The Sandra Bullock Files is a series that looks at the films of Oscar-winning actress Sandra Bullock, all the way from her debut in 1987, to her two major 2018 releases, Ocean’s Eight and Bird Box.
Practical Magic is a film that has two tremendous qualities — Sandra and Nicole Kidman, as sisters. When this project was first announced in 1997, it sounded like a sure thing. How in the world could anyone screw up a movie with these two dynamic actresses playing witches? Well, you have Akiva Goldsman (Batman & Robin) co-write the script, and you give Griffin Dunne, a better actor than filmmaker, the directing reigns. While the film has its fans, Practical Magic is mostly a waste of concept and talent. It’s not a terrible movie, not near Sandra’s worst, but the consistent mediocrity is what makes the film so frustrating.
On the DVD audio commentary, the producer and director both say that their favorite scene is the “Midnight Margarita” scene that takes place halfway through the film, but this scene highlights everything that is wrong with Practical Magic: nobody knows what it’s supposed to be. It starts whimsical, with a delightful prologue, leading to some cheesy but fine scenes in the first fifteen minutes. But then the movie takes an abrupt turn when Sally (Sandra) goes to save her sister Gillian (Kidman) from her sordid lifestyle and accidentally kills one of her lovers. This event sets off the silly conflict of the rest of the movie, but it’s ultimately treated as a device to bring Sally closer together with a private investigator (Aidan Quinn).

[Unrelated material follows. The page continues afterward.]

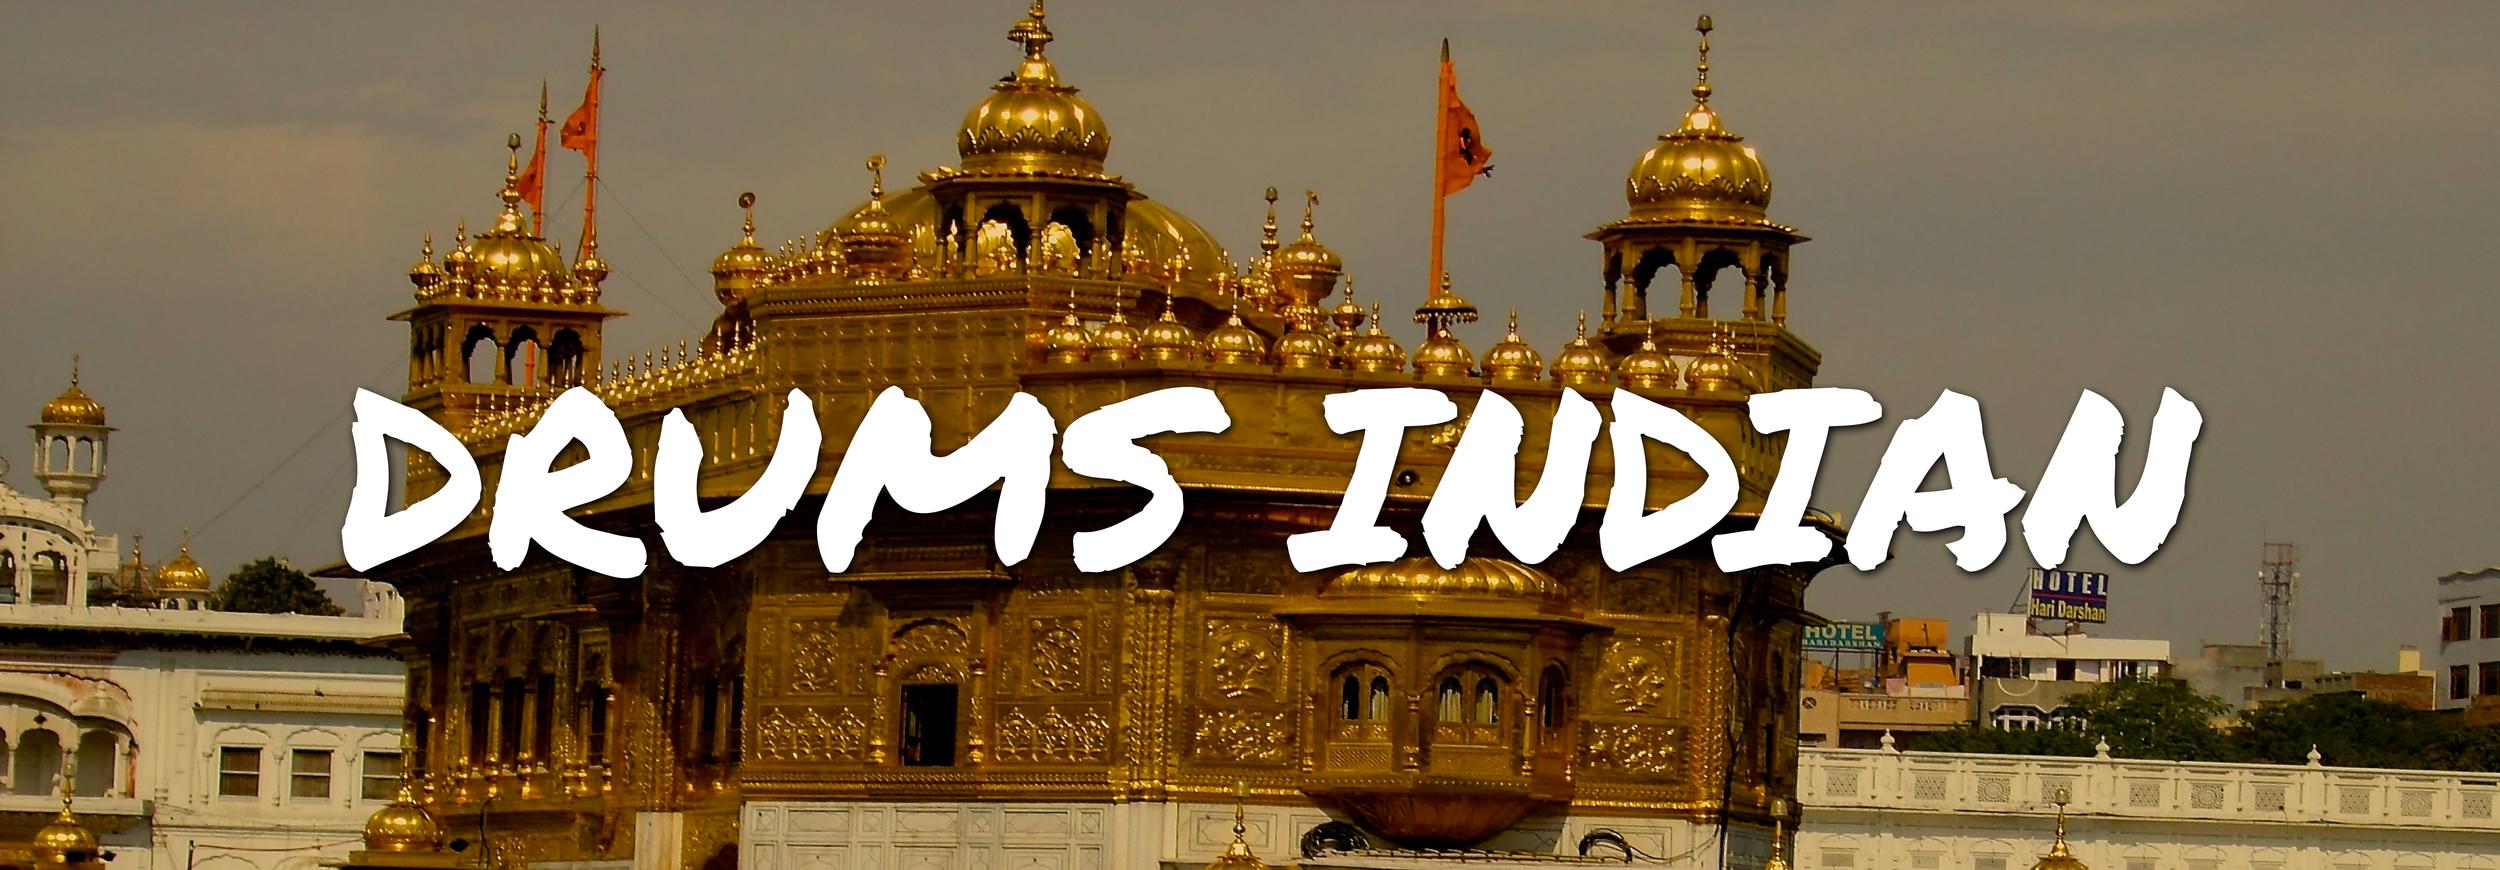 Drums Indian Banner.jpg

There were so many places to take this movie. Imagine what a director like Guillermo Del Toro would have done with these actors and this material. The story that the producer and director apparently wanted to tell was a murder mystery, mixed in with a hokey love story that never takes off because Sandra and Quinn have little chemistry. Worst of all? There’s not much magic in Practical Magic! It’s alluded to a lot, and there are a few scenes where the two sisters, and sometimes their aunts (Stockard Channing and Dianne Wiest), perform a spell or two. But not until the very end do we get any real magic, and it’s only used to eradicate an evil spirit out of Gillian. Hocus Pocus this movie shouldn’t have necessarily been, with Sandra and Kidman hamming it up for ninety minutes, dancing and singing and riding on broomsticks. But a more specific vision, a creative point of view, could have turned this from a lackluster disappointment to a memorable late ’90s guilty pleasure.
Sandra said in a press junket for Practical Magic that one of the greatest things to happen to her in her career was the failure of Speed 2, because it meant that she could finally pursue smaller projects that she was more interested in rather than big action blockbusters. Unfortunately, in this case, a smaller project doesn’t always mean better. One of the few joys of Practical Magic is that it’s Sandra’s movie, more than it is Kidman’s, and she has the occasional funny moment. But the film just never comes to life. Practical Magic began Sandra’s mediocre period, with movies like Forces of Nature and Murder by Numbers not doing her career any favors. We certainly are still a long way from Gravity.

Best Scene: The final scene, when the family in witch hats jump off the roof of their house.
Best Line: “It was the curse, wasn’t it! He died because I loved him so much!”
Fun Facts
After bad test screening reactions, composer Michael Nyman’s score was rejected for sounding too European. It was replaced with a score by Alan Silvestri. The change was made so late that the first batch of soundtrack CDs had Nyman’s score on it.
According to Sandra in the DVD commentary, in the margarita scene, Sandra and Kidman actually did get drunk.
For the final scene, the entire population of the real town was invited to show up in costume and appear as townsfolk.
In 2010, Warner Bros. and ABC Family attempted to develop a television series based on this film. To date, it hasn’t been produced.